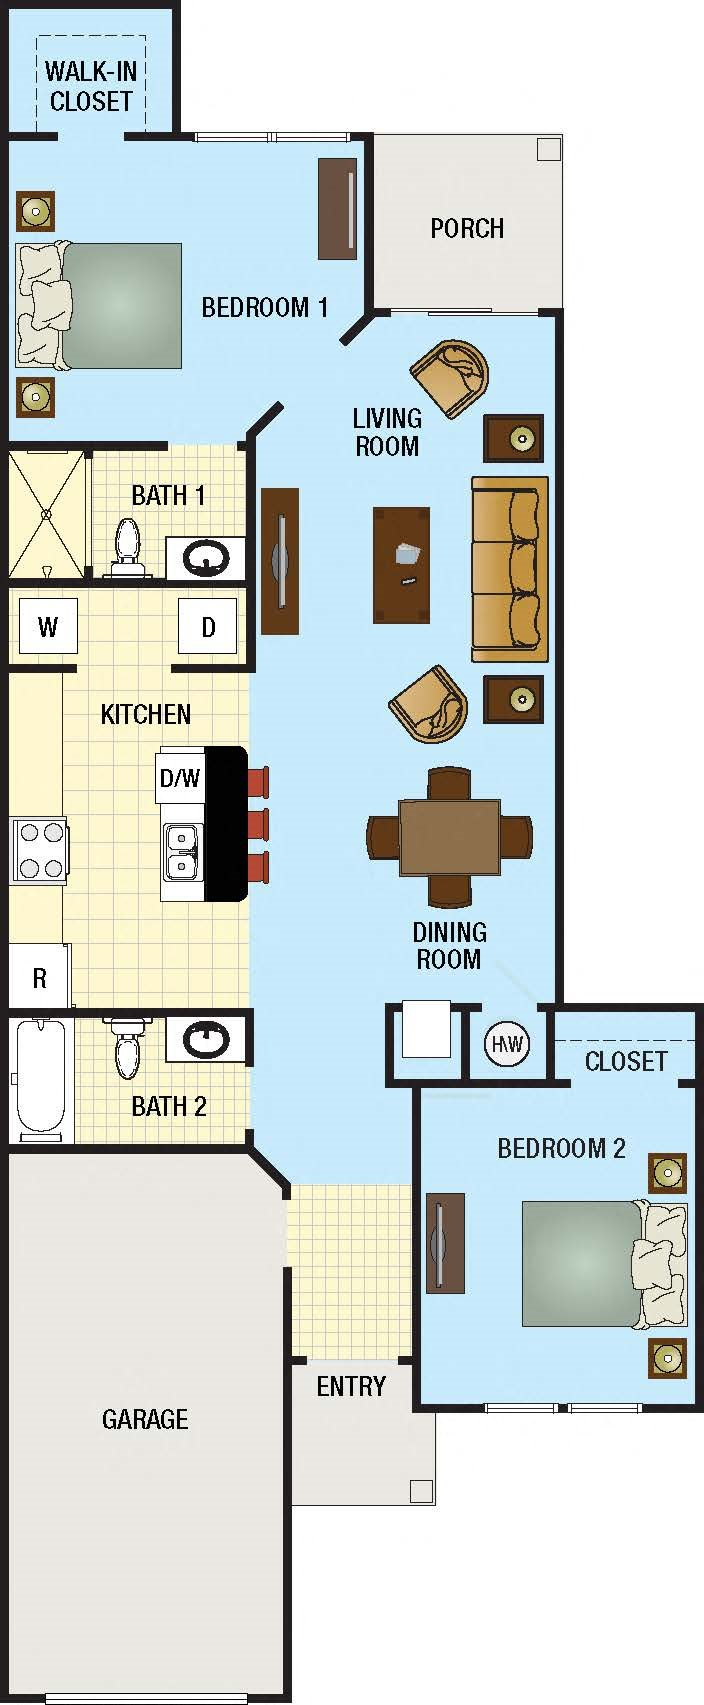 Palmetto Floor Plan - Concordrents.com
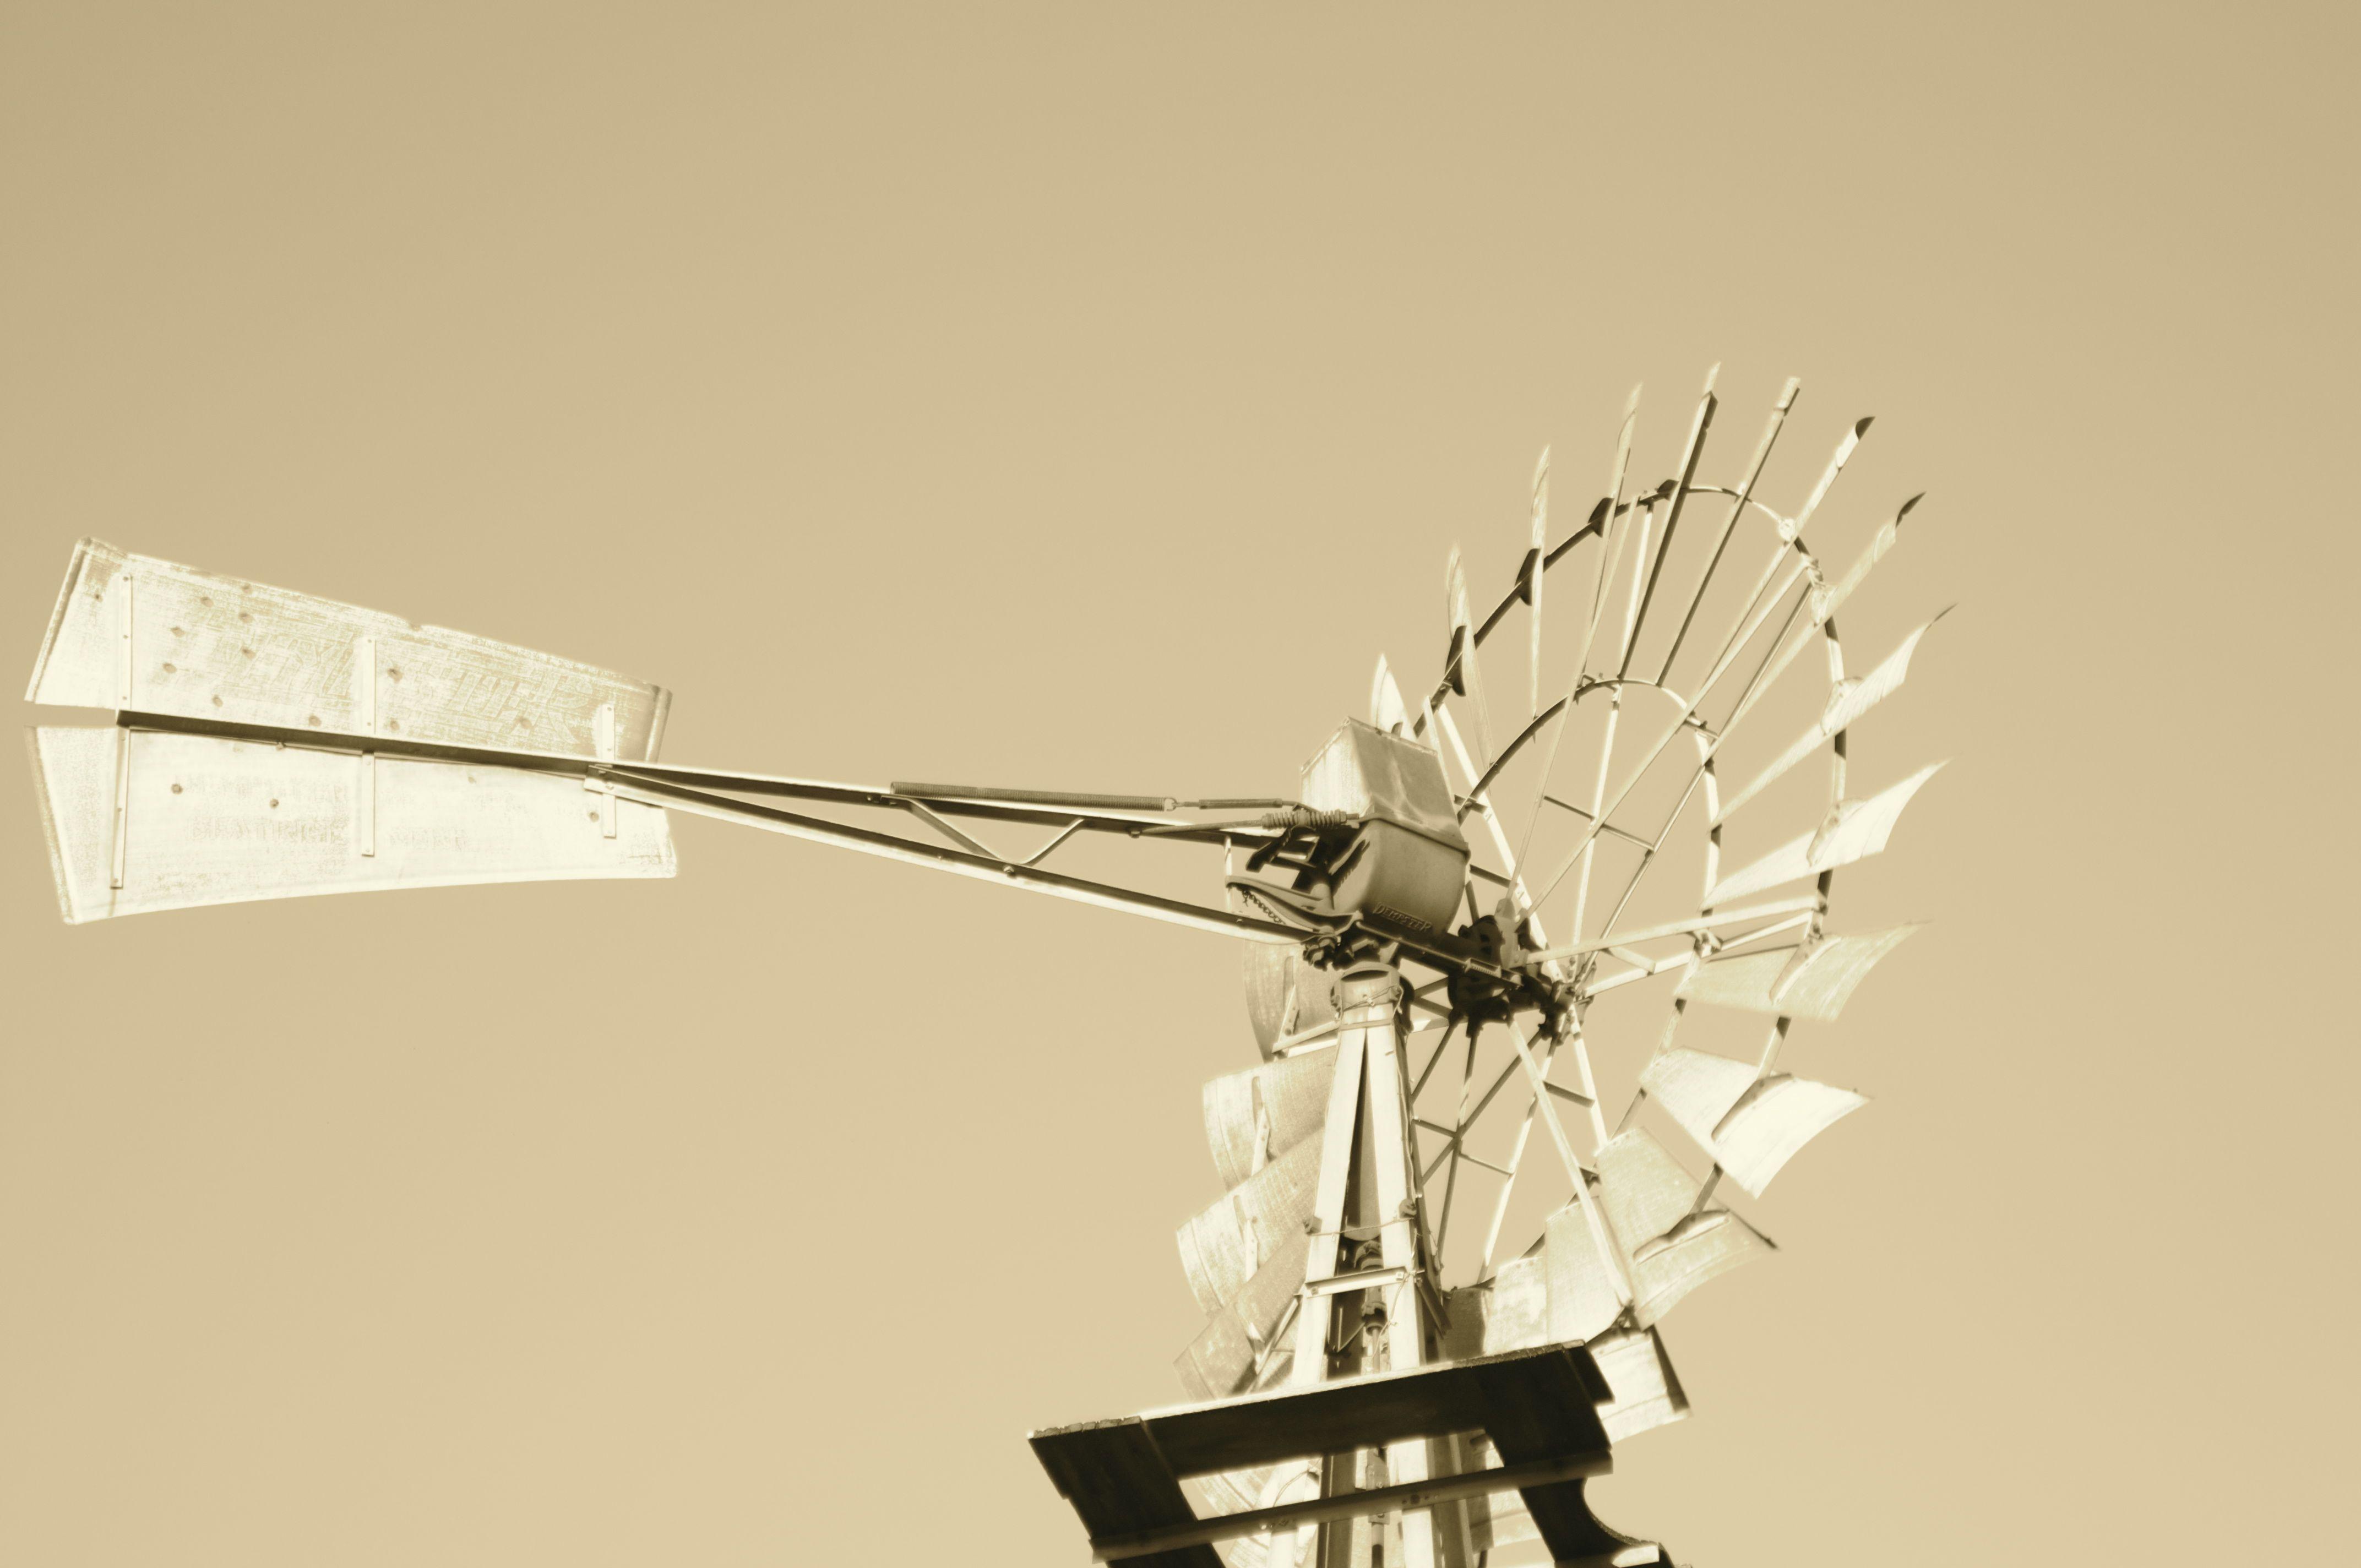 Grüne gruene windmill suanna davis s site
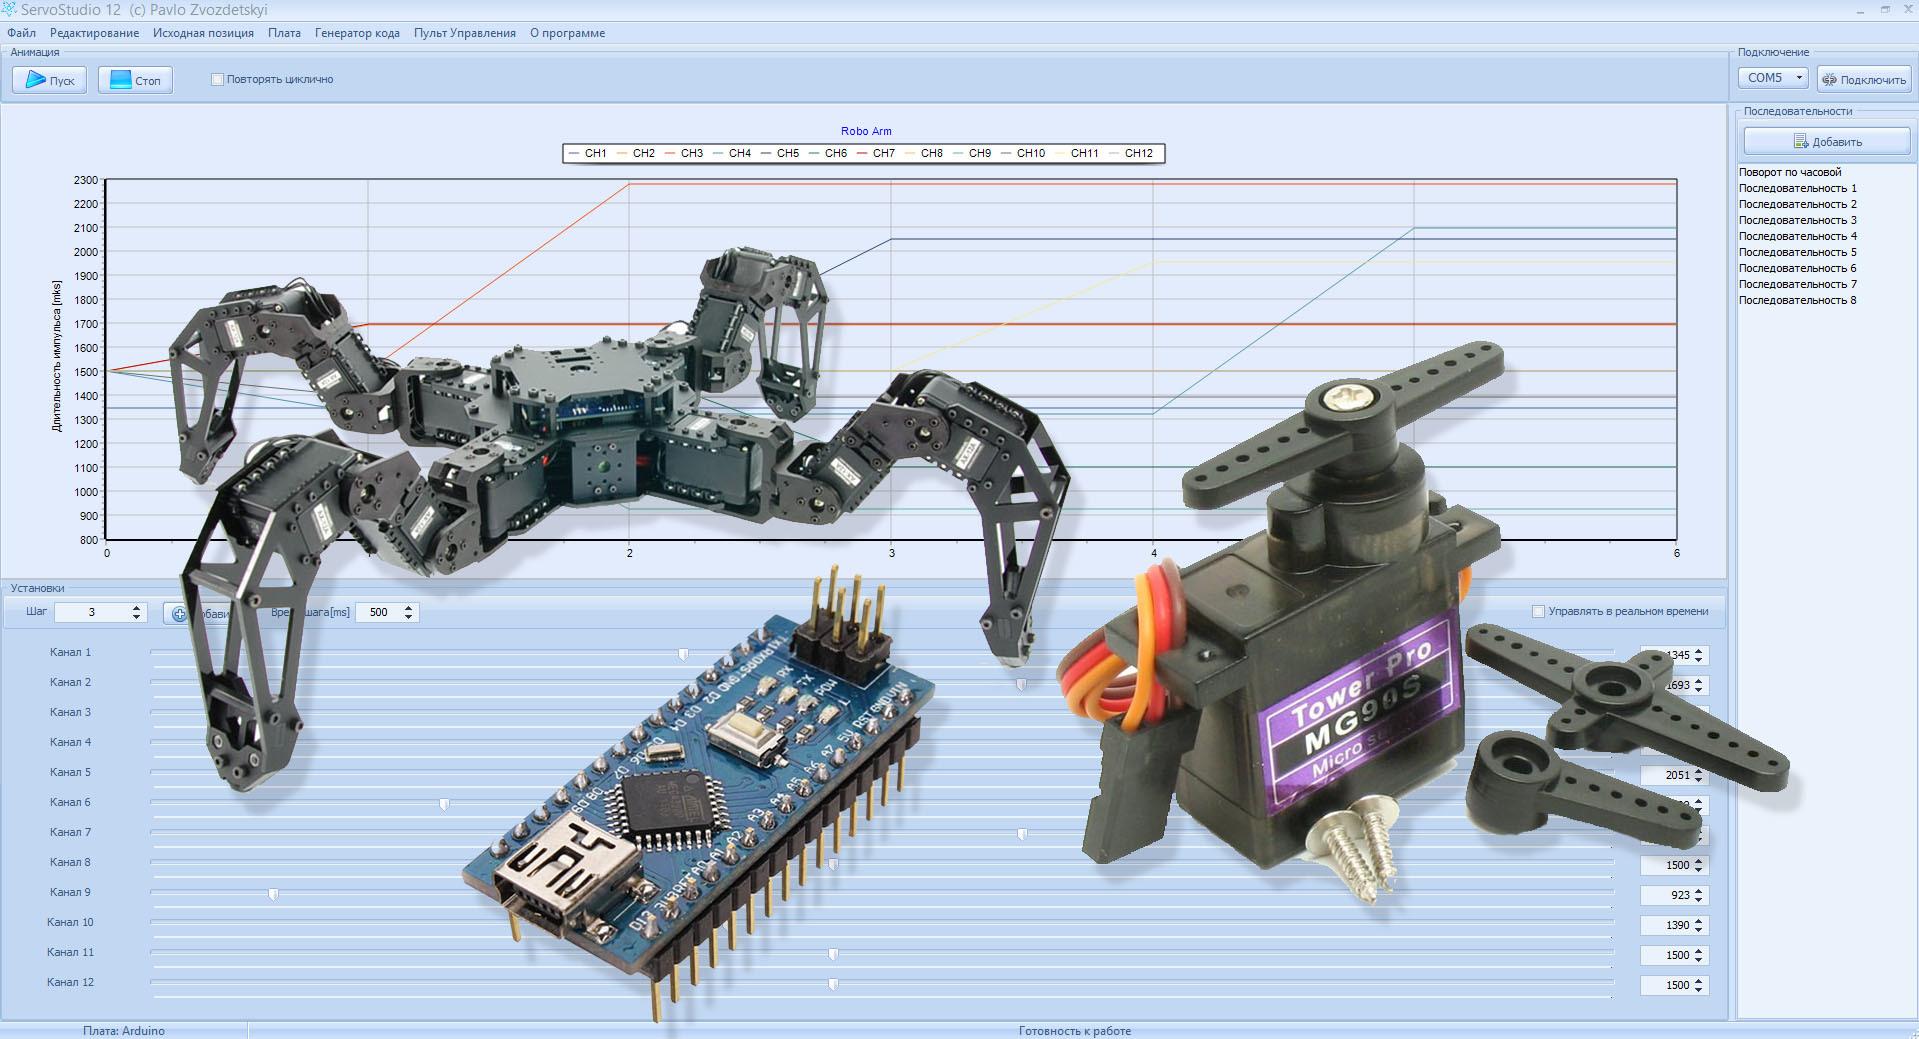 С помощью программы ServoStudio 12 и платы Arduino можно создать своего робота, не написав единой строчки кода

•••

Exercise details ::
Repeat the listing exactly; do not print any picture.

Task answer ::
 Palmetto Floor Plan - Concordrents.com
 Grüne gruene windmill suanna davis s site
 С помощью программы ServoStudio 12 и платы Arduino можно создать своего робота, не написав единой строчки кода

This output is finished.